If you’re smaller than that it might be a gateway for her to explore bigger sizes because they make WAY bigger than that. As an example the most recommended penis sleeve size on Reddit is 8” with 6.67” girth.

😱


----------



## Anastasia6 (May 28, 2017)

Look only your wife can answer the real question you have.....

the girth is a little bigger than average and the color most likely means nothing.
Black doesn't stand out or isn't obvious.
I have a red toy and it's just too bright. Draws your eye in the bedside stand.


----------



## Gfb (Feb 21, 2016)

Hi tank you go


Anastasia6 said:


> Look only your wife can answer the real question you have.....
> 
> the girth is a little bigger than average and the color most likely means nothing.
> Black doesn't stand out or isn't obvious.
> I have a red toy and it's just too bright.
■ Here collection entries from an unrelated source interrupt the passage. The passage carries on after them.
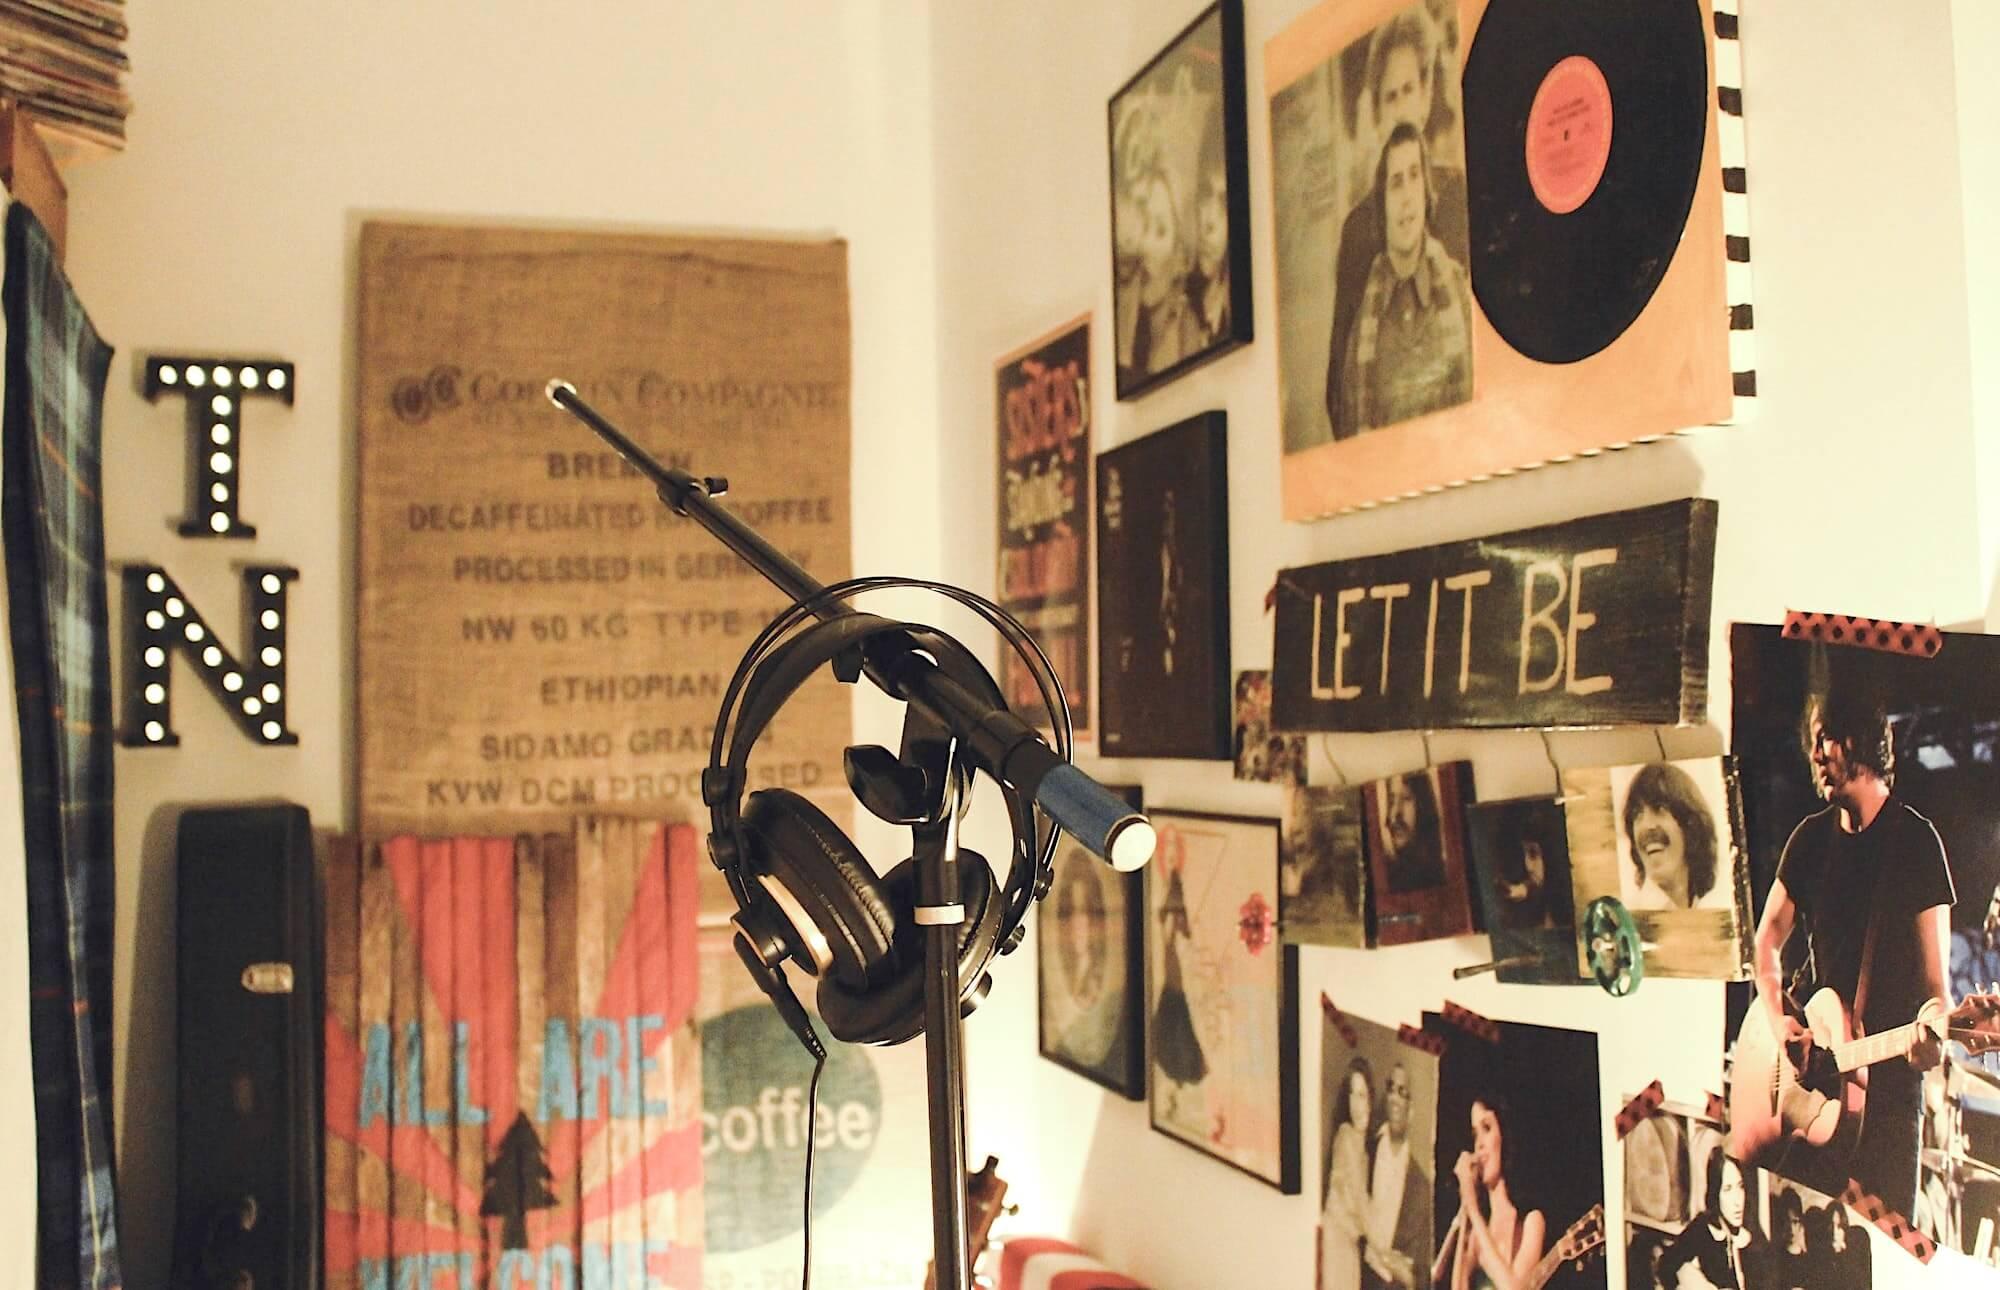 Фотография: Paulette Wooten. Источник: Unsplash.com
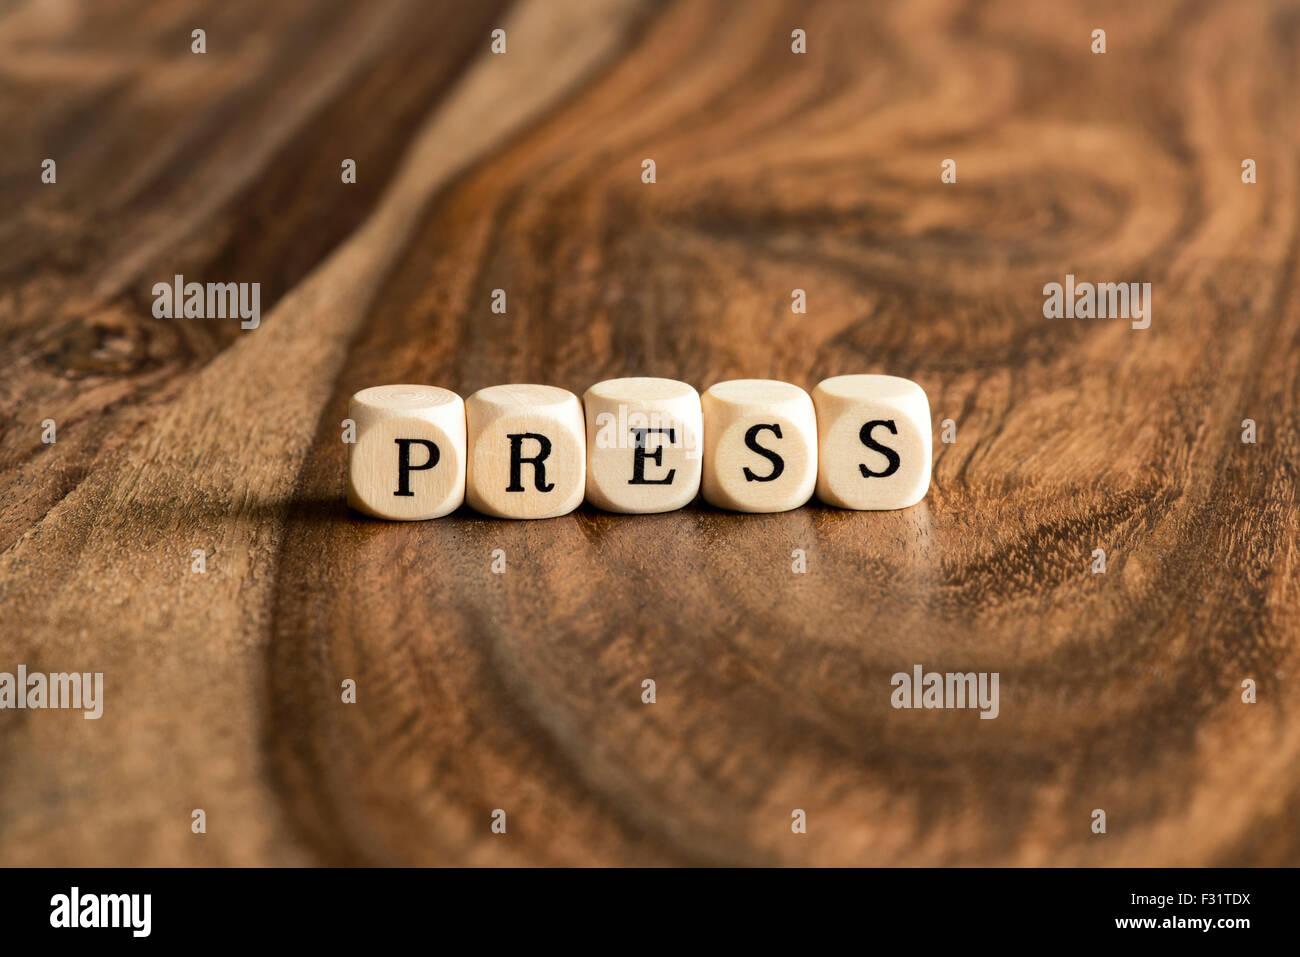 Premere parola sfondo su blocchi di legno Immagini Stock
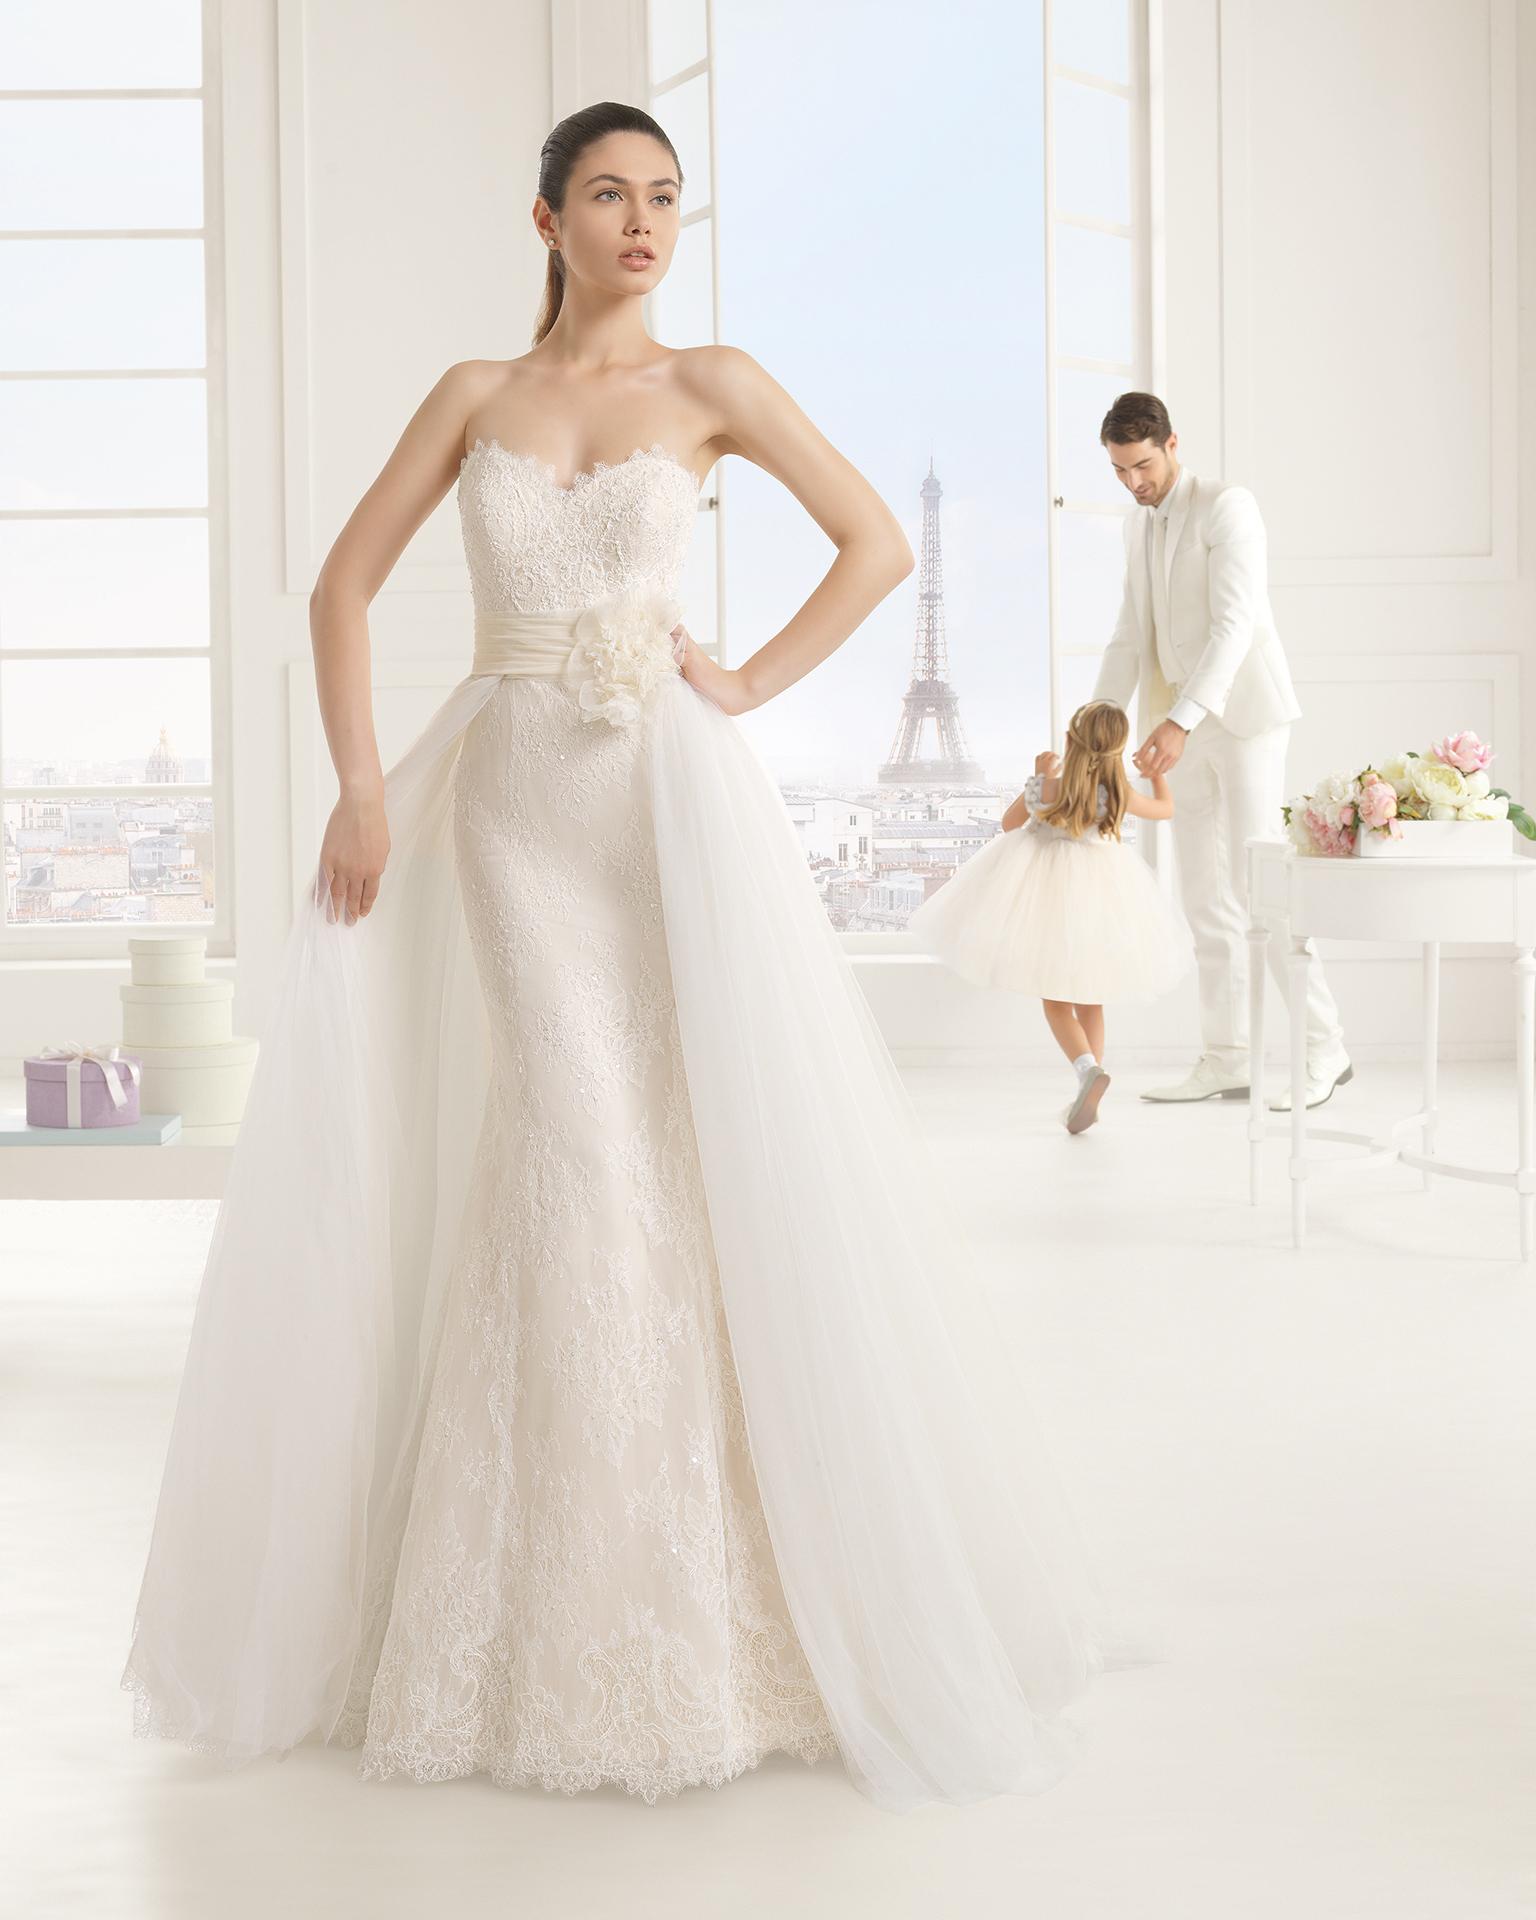 Eva (38, кружево/бисер, natural) Свадебное платье Rosa Clara в Одессе. Свадебный салон Скоро Свадьба.
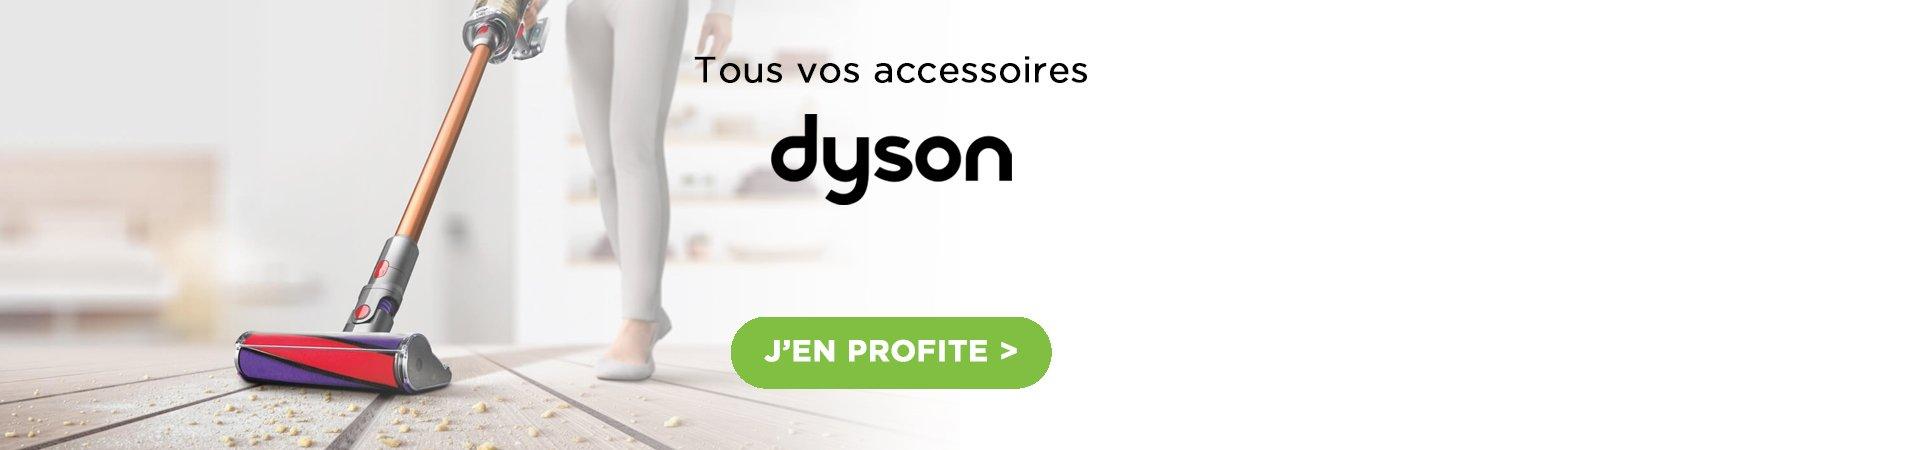 Accessoires Dyson

Draws your eye in the bedside stand.


r your reply, can I ask what you mean by the real question I have ?


----------



## Gfb (Feb 21, 2016)

Gfb said:


> Hi tank you go
> 
> r your reply, can I ask what you mean by the real question I have ?


Sorry that was meant to say thank you for your reply


----------



## Benbutton (Oct 3, 2019)

There was a study using 3d cylindrical shapes of varying sizes with respect to length and girth. The average chosen by women measured 6.3 in length and 4.8 in circumference. There have also been studies that suggest women prefer girth over length, so it comes as no surprise to me that your wife chose 5.25. Now go have fun.


----------



## Gfb (Feb 21, 2016)

Benbutton said:


> There was a study using 3d cylindrical shapes of varying sizes with respect to length and girth. The average chosen by women measured 6.3 in length and 4.8 in circumference. There have also been studies that suggest women prefer girth over length, so it comes as no surprise to me that your wife chose 5.25. Now go have fun.


Very informative thank you


----------



## happyhusband0005 (May 4, 2018)

I wouldn't be concerned if she is gravitating towards larger than you. They make kits for you to make your own dildo using yourself to cast it. But whats the point of a toy that isn't different than what she is use to.


----------



## Anastasia6 (May 28, 2017)

Gfb said:


> Sorry that was meant to say thank you for your reply


Well I think your real question is how this effects you. Does it mean you aren't enough. Most men are insecure about size. My answer would be no it doesn't mean anything but only your wife would know.

I would suggest using a butt plug for her during sex. It closes up the vagina a little and makes things rub more in addition to the anal sensation.


----------



## Gfb (Feb 21, 2016)

Anastasia6 said:


> Well I think your real question is how this effects you. Does it mean you aren't enough. Most men are insecure about size. My answer would be no it doesn't mean anything but only your wife would know.
> 
> I would suggest using a butt plug for her during sex. It closes up the vagina a little and makes things rub more in addition to the anal sensation.


That’s good advise thank you


----------



## maquiscat (Aug 20, 2019)

happyhusband0005 said:


> But whats the point of a toy that isn't different than what she is use to.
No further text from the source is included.